Created 04-14-2017 05:59 PM
I have created a hivecontext in spark and i am reading hive ORC tables from hivecontext into spark dataframes. I have saved that dataframe into temp table.
I am looking for how to specify left outer join when running sql queries on that temporary table? Any help would be appreciated. Code that i am running is mentioned below.
import org.apache.spark.sql._
val hivecontext = new org.apache.spark.sql.hive.HiveContext(sc)
val a = hivecontext.table("customer.a_orc")
val b = hivecontext.table("customer.b_orc")
a.registerTempTable("a")
b.registerTempTable("b")
val output = hivecontext.sql("select a.*,b.* from a,b where a left outer join b on (a.id=b.id))
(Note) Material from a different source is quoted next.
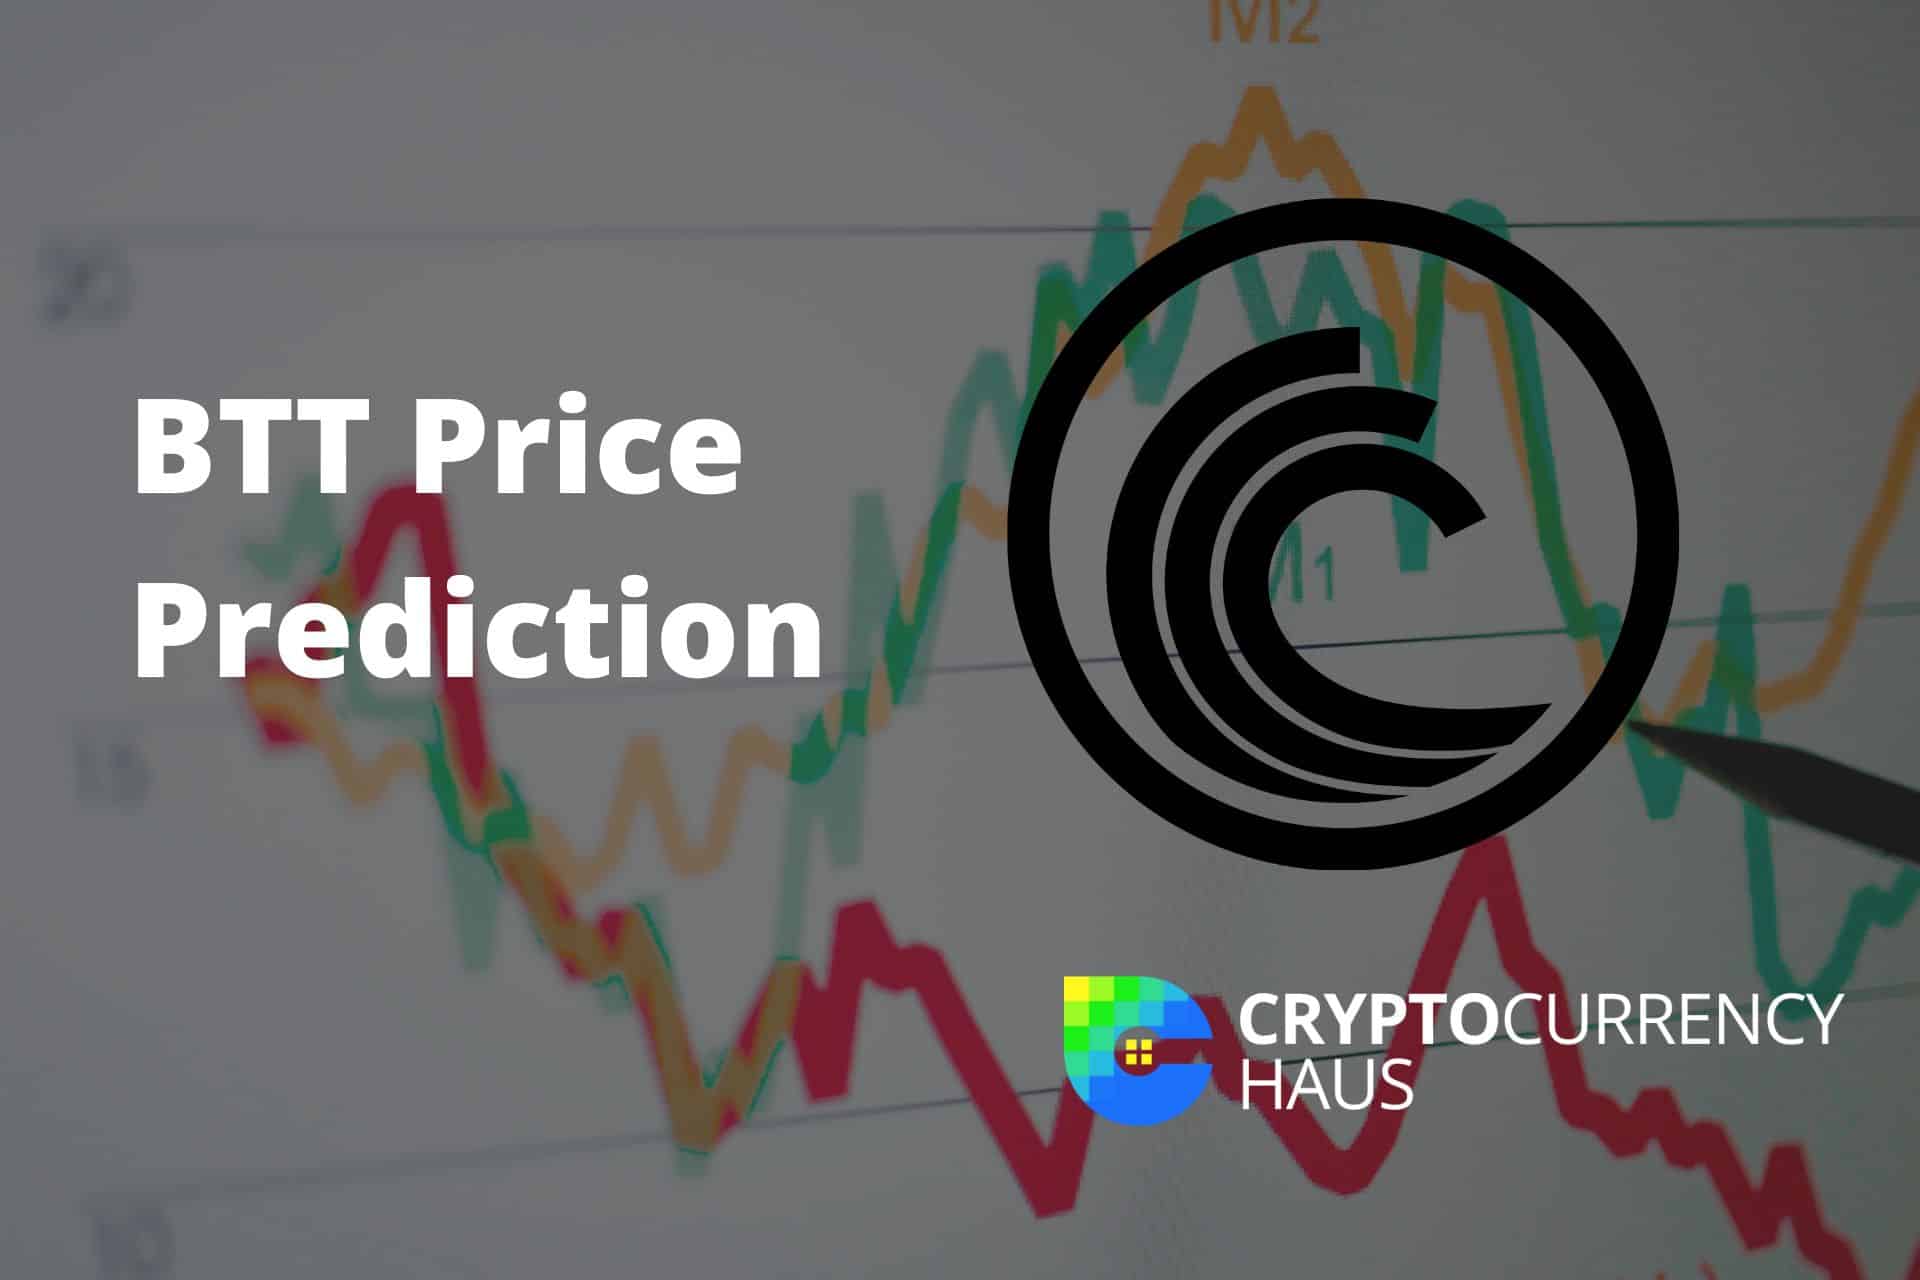 bittorrent coin price prediction 2030

The output dataframe shown above is giving error. Is there a way to specify left outer join like this or do i have to create separate dataframes?
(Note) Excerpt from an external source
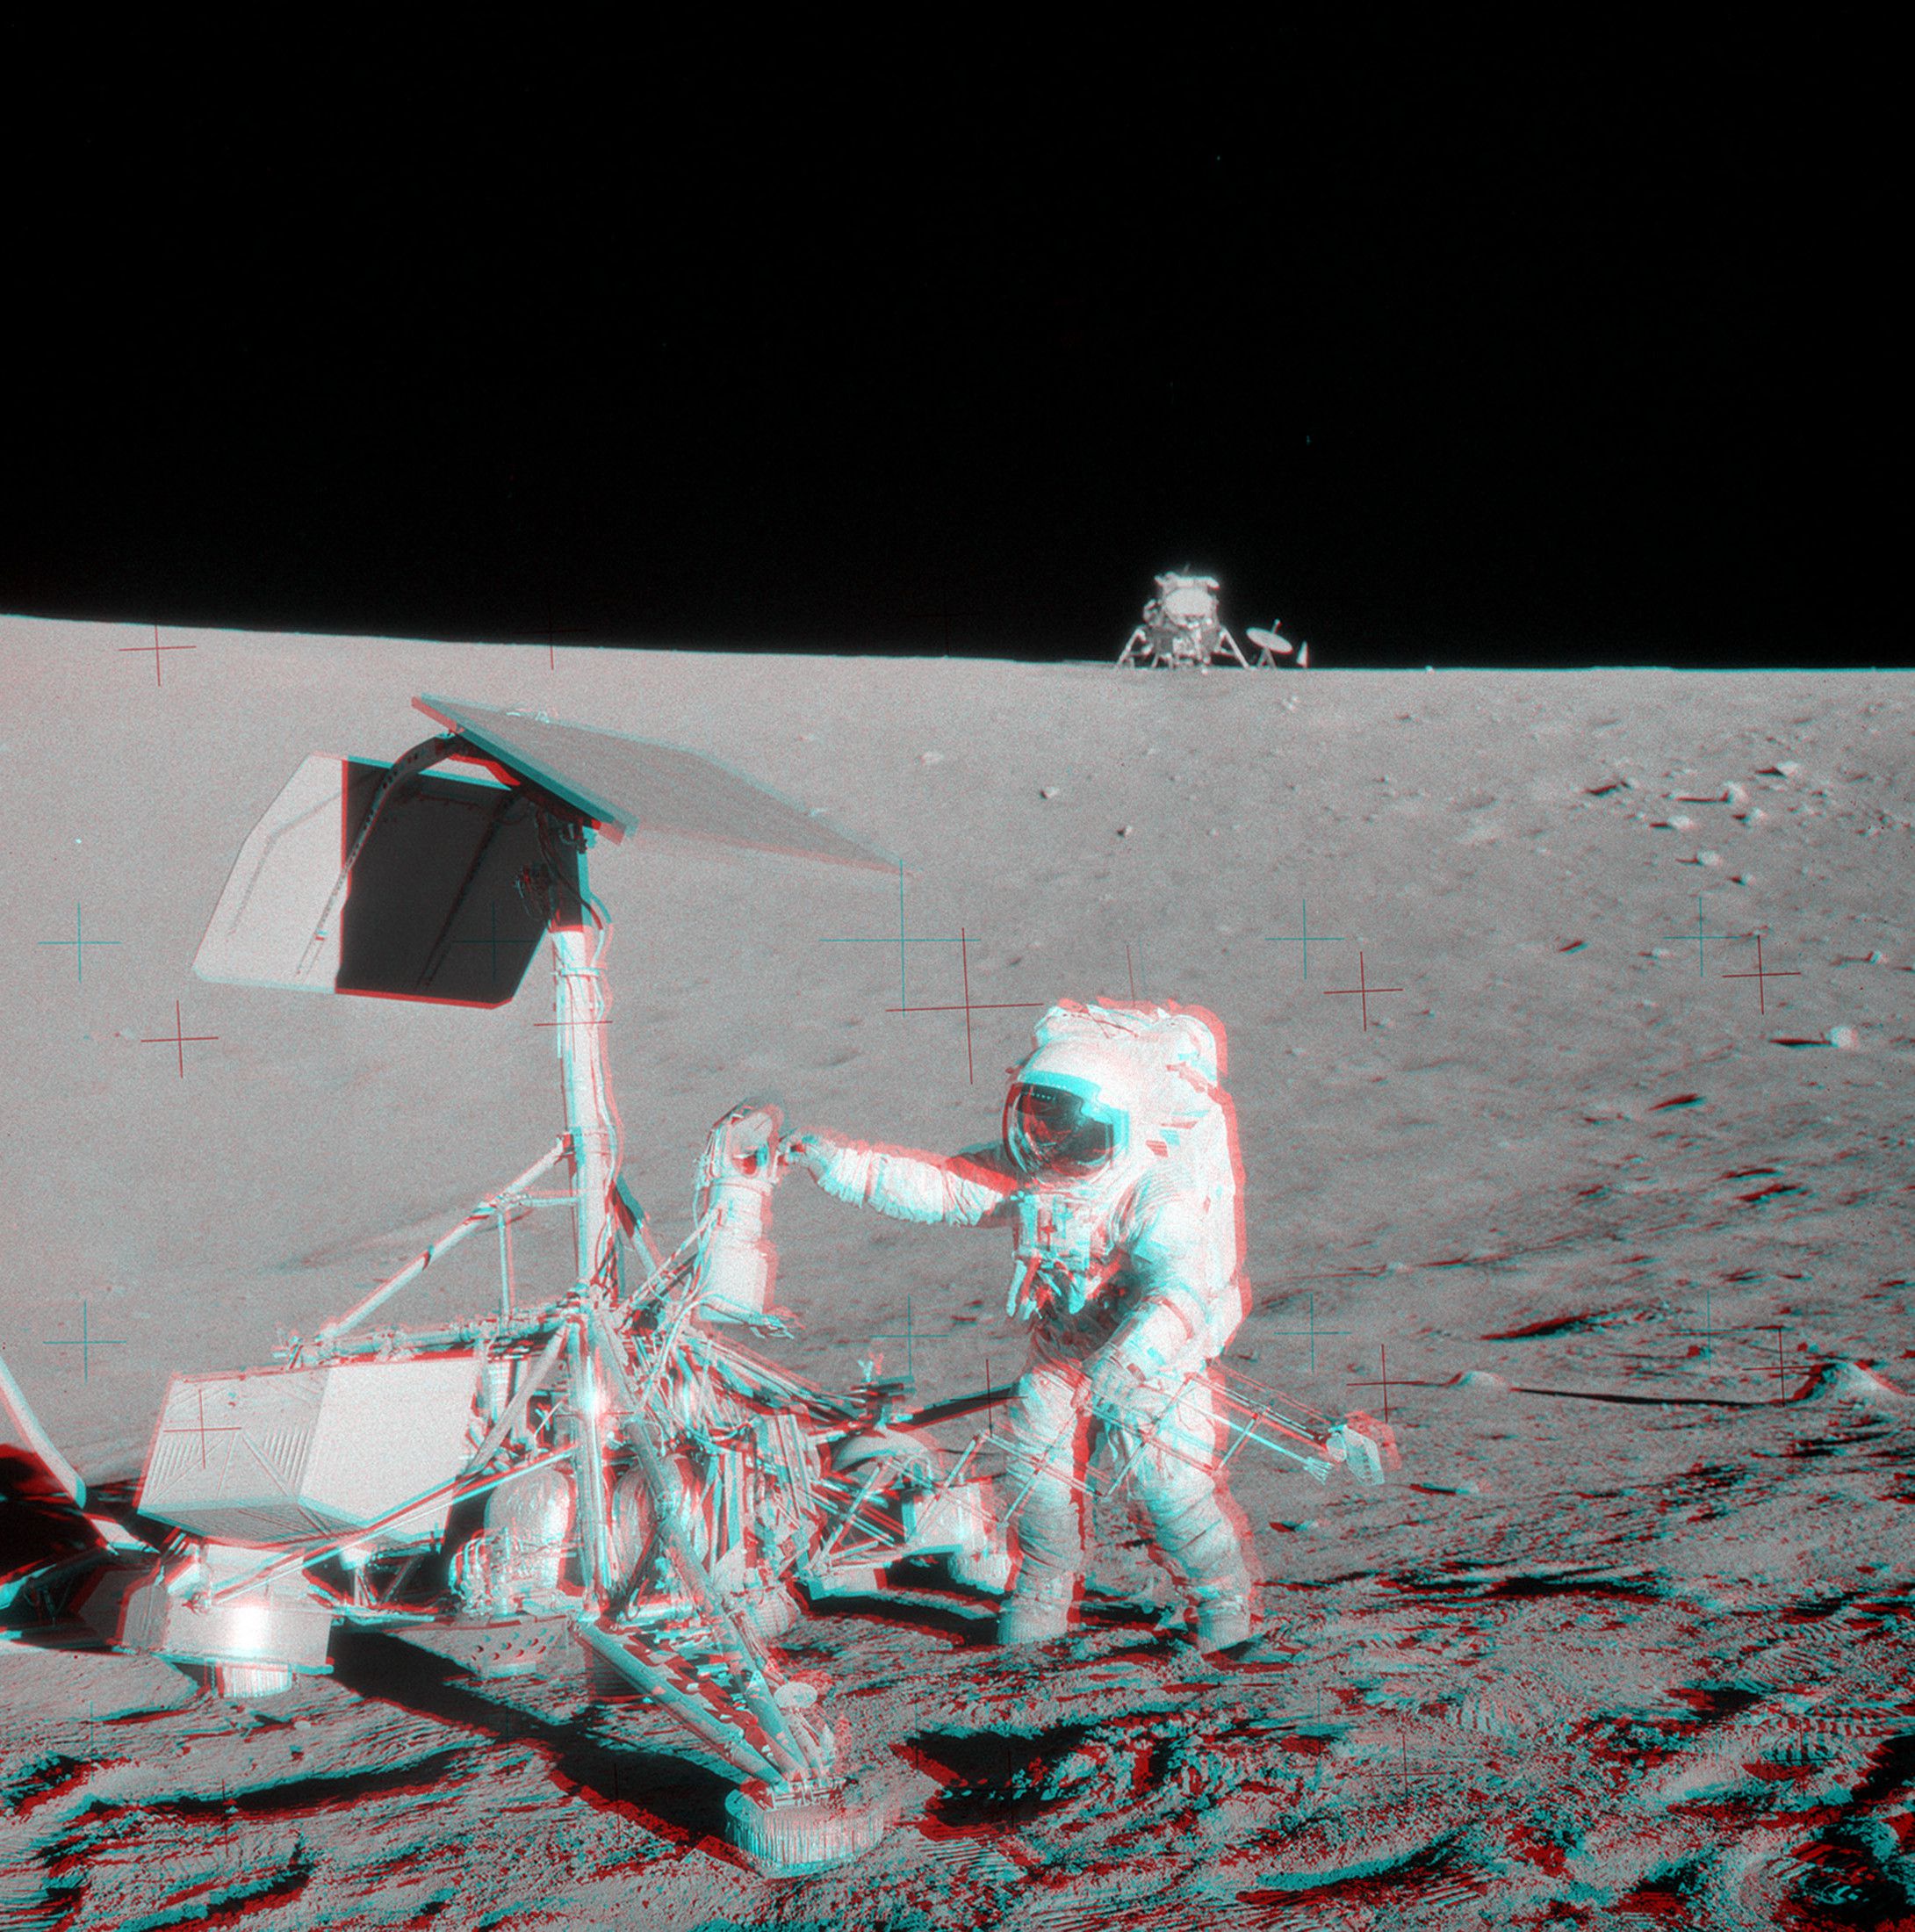  Apollo 12 and Surveyor 3 Stereo View

Created 04-14-2017 06:09 PM
I think your query is syntactically incorrect. Try the following:
SELECT <columns to select> FROM A LEFT OUTER JOIN B ON A.id = B.id
Created 04-14-2017 09:08 PM
@rahul gulati This is how I did mine,
val outer_join = a.join(b, df1("id") === df2("id"), "left_outer")
Created 04-14-2017 09:10 PM
he is using a HiveContext. He needs to provide a SQL.